Revisions to Rule 391-3-1-.03(8) NNSR, including changes at paragraphs (g) and (d) to allow greenhouse gas PALs.
EPA also approved deletion of references to clean units.
EPA did not act on proposed changes to definitions in Rule 391-3-1-.01(lll) through (nnnn) or proposed changes to the ambient air quality standards.
On August 15, 2017, EPA proposed to approve revisions to the Michigan State Implementation Plan related to permits to install (PTI). 82 Fed. Reg. 38651. This proposed action addressed state submittals dated November 12, 1993, May 16, 1993, April 3, 1998, September 2, 2003, March 24, 2009 and February 28, 2017. EPA had issued a proposed disapproval of the 1993, 1996 and 1998 submittals on November 9, 1999, but never finalized action. In this action, EPA found that the “revisions to the Part 2 submitted by MDEQ are largely provisions that strengthen the already submitted approved minor NSR program adding greater detail with respect to applicability, required application material, and processing,” but noted that there were also some “waiver” and “exemption” provisions. EPA stated that it would not act on proposed changes to the Michigan public review process at R 336.1205 in this action. EPA proposed the following actions:
R 336.1202(1). This provision would allow certain work prior to permitting. EPA notes that this is not forbidden by the PSD program for non-major sources, but the allowance for pre-permit construction must still meet CAA section 110 requirements. In this case, MDEQ proposes to require an application to undertake such construction, limits what may be approved, and prohibits construction or reconstruction under Parts 61 or 63. EPA found that this provision is consistent with the act and proposal approval.

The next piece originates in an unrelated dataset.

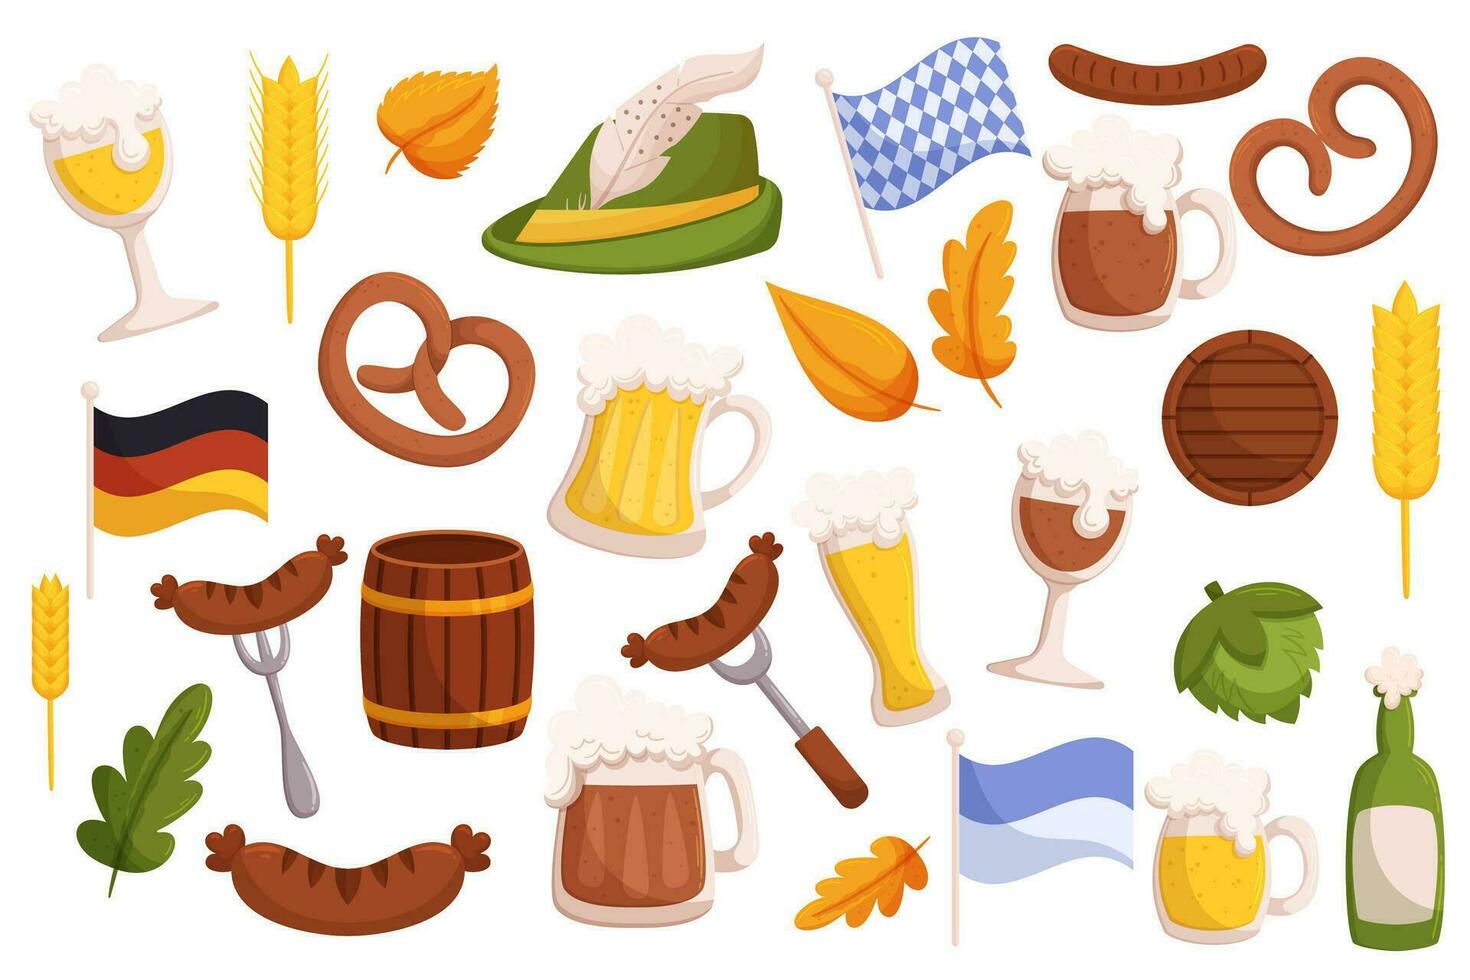 bier festival elementen verzameling. reeks van Duitse traditioneel fest voorwerpen - bier glas mok, gegrild worstjes, krakeling, vlaggen in traditioneel kleuren, Tirools hoed met veerkracht. vector

Source exemptions at R 336.1278, 1278a, 1280-1290. In reviewing this, EPA stated its concern is to ensure no major source escapes regulation, that there is adequate records for the state to enforce, and that the exemptions would not interfere with the NAAQS, CAA requirements or reasonable further progress. R 336.1278 prohibits use of the exemption by sources subject to major source requirements and imposes recordkeeping requirements and defines activity as all “concurrent and related installation, construction, reconstruction, relocation, or modification of any process or process equipment,” which EPA found would result in proper aggregation before applying an exemption. R 336.1278a imposes a demonstration requirement. MDEQ then demonstrated that emissions were low (likely less than 3 tons/year) or provided a demonstration where emissions were 10 tons/year or more that no impact on NAAQS was anticipated. Accordingly, EPA proposed to approve these provisions.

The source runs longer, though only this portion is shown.